Father's Day is always a big day at the Culver homestead. There's plenty to celebrate.

It's easy to list Perry Culver Sr.'s academic achievements. He holds several degrees in education from several universities. He was trained in cursive handwriting from P.O. Petersen, an art form largely abandoned in today's technological school systems, which he laments. He doesn't dabble in email or eBay, yet he was the educator who saw to it that Connellsville Area School District entered the computer age back in the 1970s. A longtime math teacher — instructing algebra, trigonometry and geometry as well as general math — he served as curriculum director for the school district for more than 20 years, retiring in 1987.

Through it all, he kept one thing in mind above all else: “What is best for the kids?”

His other achievements — those of family ties — come from the heart.

He met his wife Nina after World War II, during which he served with the 1st Marine Division in the South Pacific. Nina grew up in Oakland, Md., which is where Culver got his first job as a teacher after earning his degree at Bethany College in West Virginia.

“I met him, and that was it,” recalled Nina, 84, of their first date.

They married in 1952 and that same year, moved back to the Connellsville area, where Culver grew up. He was born in 1925 in Leisenring, and his family moved to Brookvale, a suburb of the village of Trotter, which is a suburb of Connellsville.

He and Nina have lived in several Connellsville area homes during the past 60 years or so — most of those years on Connellsville's South Side.
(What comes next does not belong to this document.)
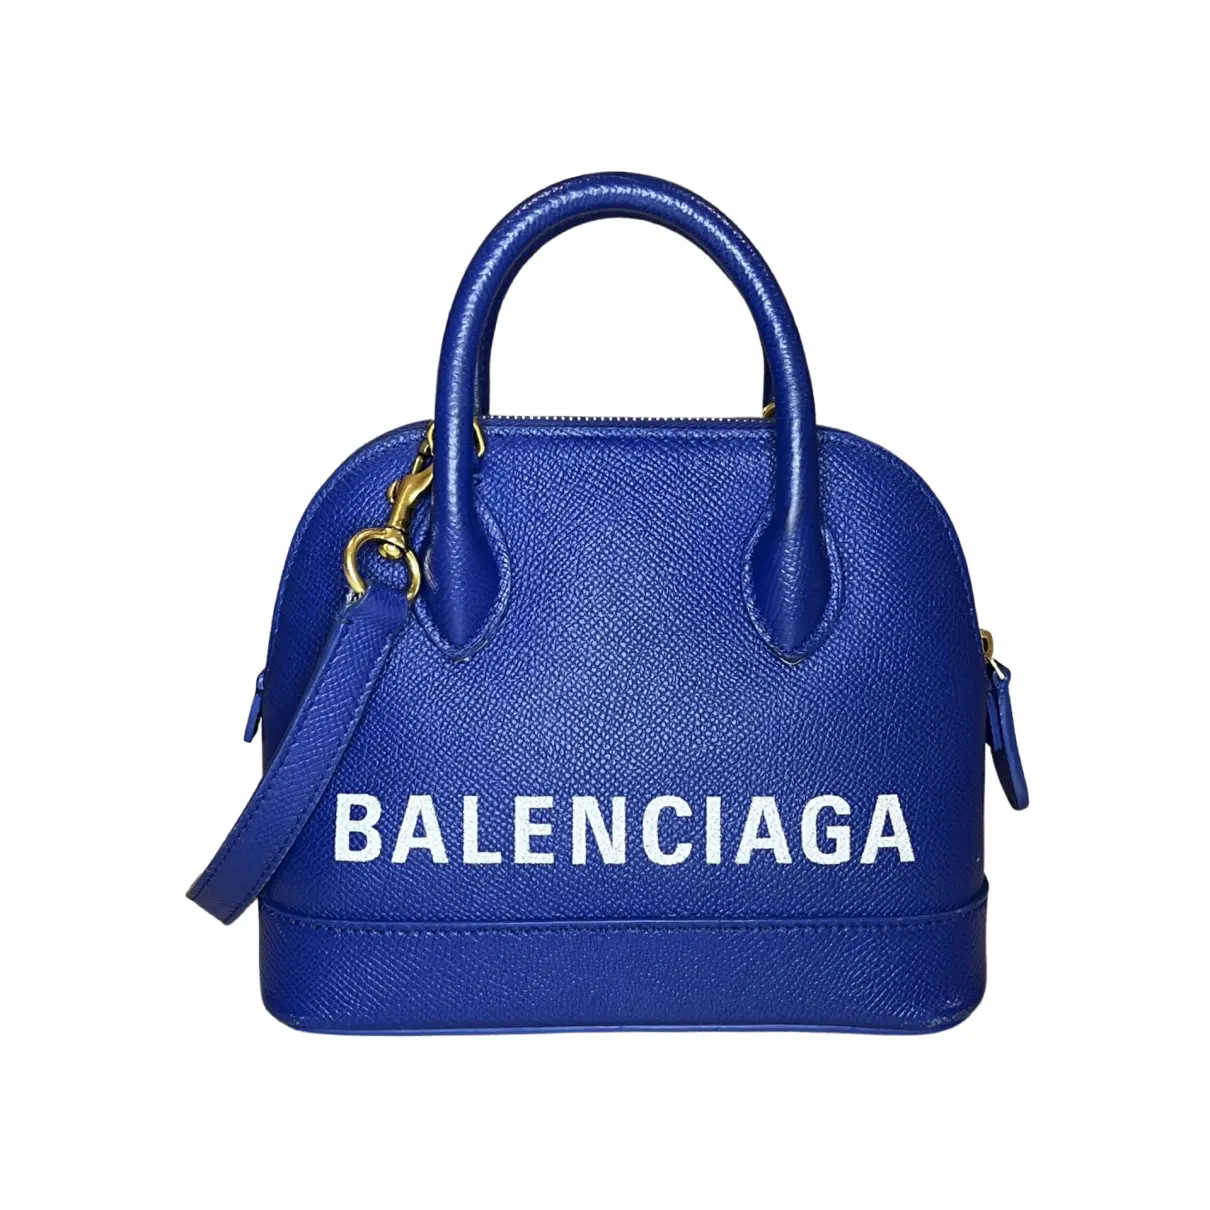 Buy Balenciaga Ville Top Handle leather handbag online
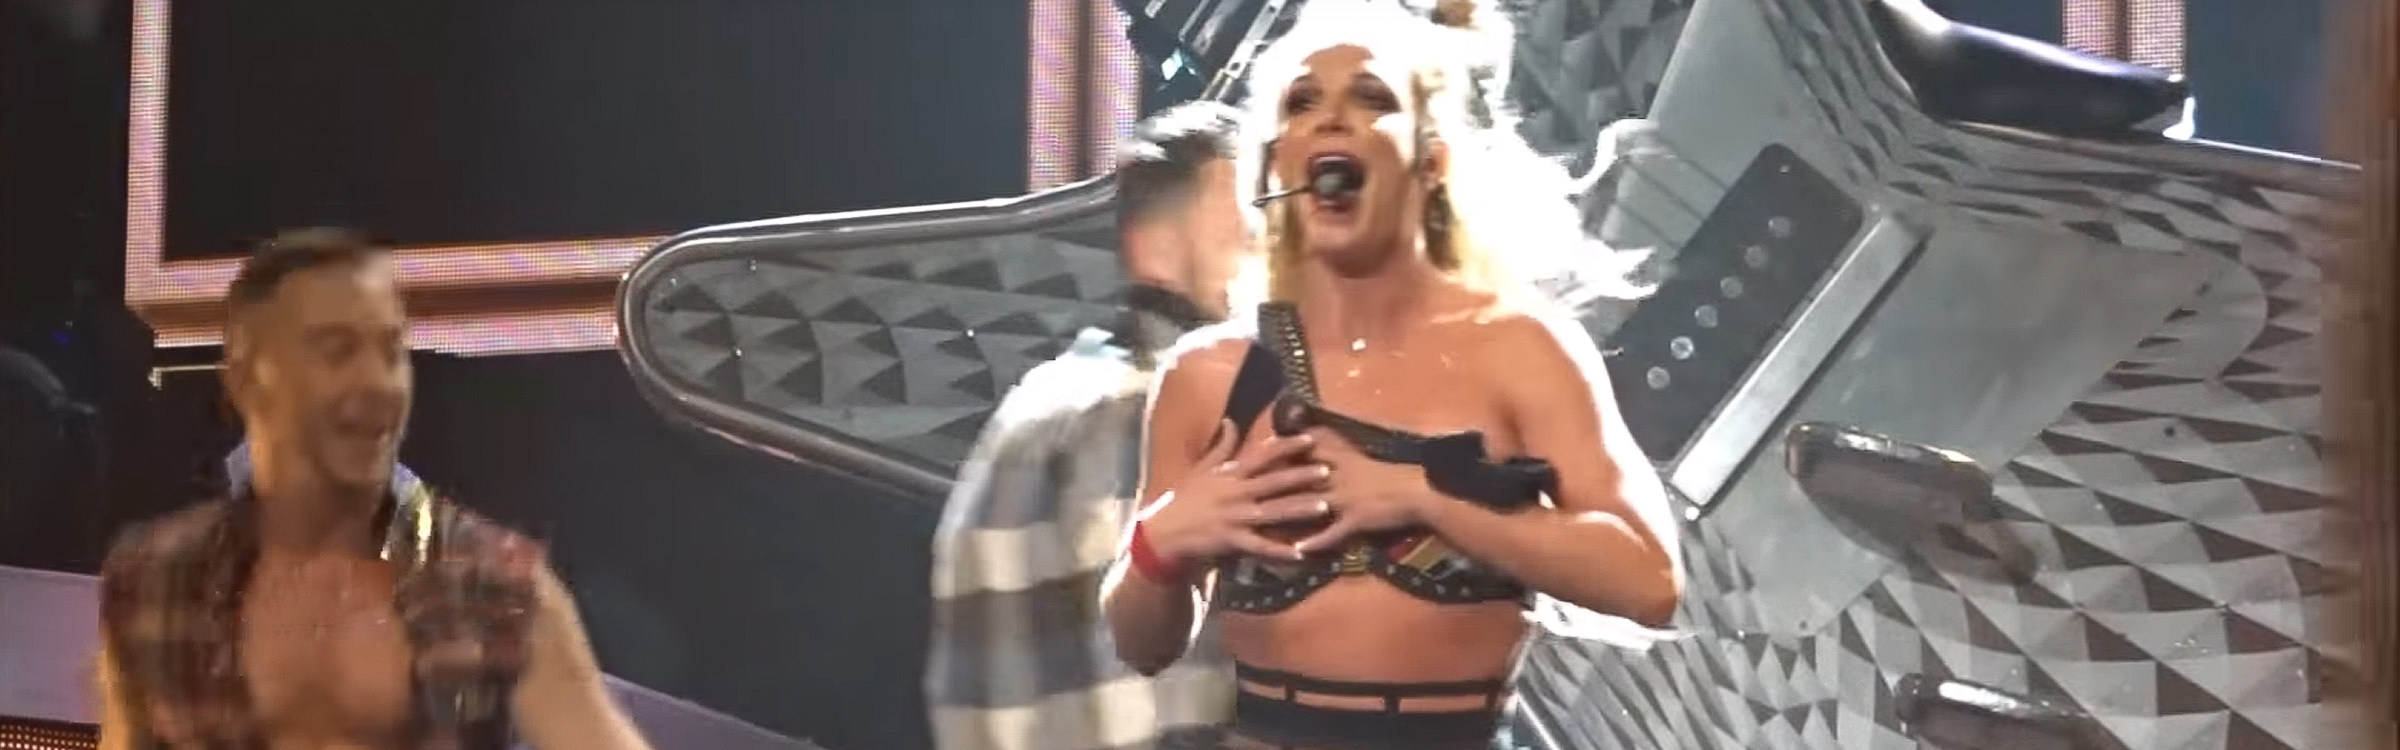 Britney oops headerecht

Seven children and 16 grandchildren/great-grandchildren later, they feel blessed.

“We could not have asked for more,” said Nina Culver, who proudly keeps track of her husband's family legacy — a quest that can be traced back 350 years to Culver's English roots.

“Our lives have been wonderful,” added Perry Culver Sr., who looks forward to celebrating Father's Day with his family on Sunday.

Laura Szepesi is a freelance writer.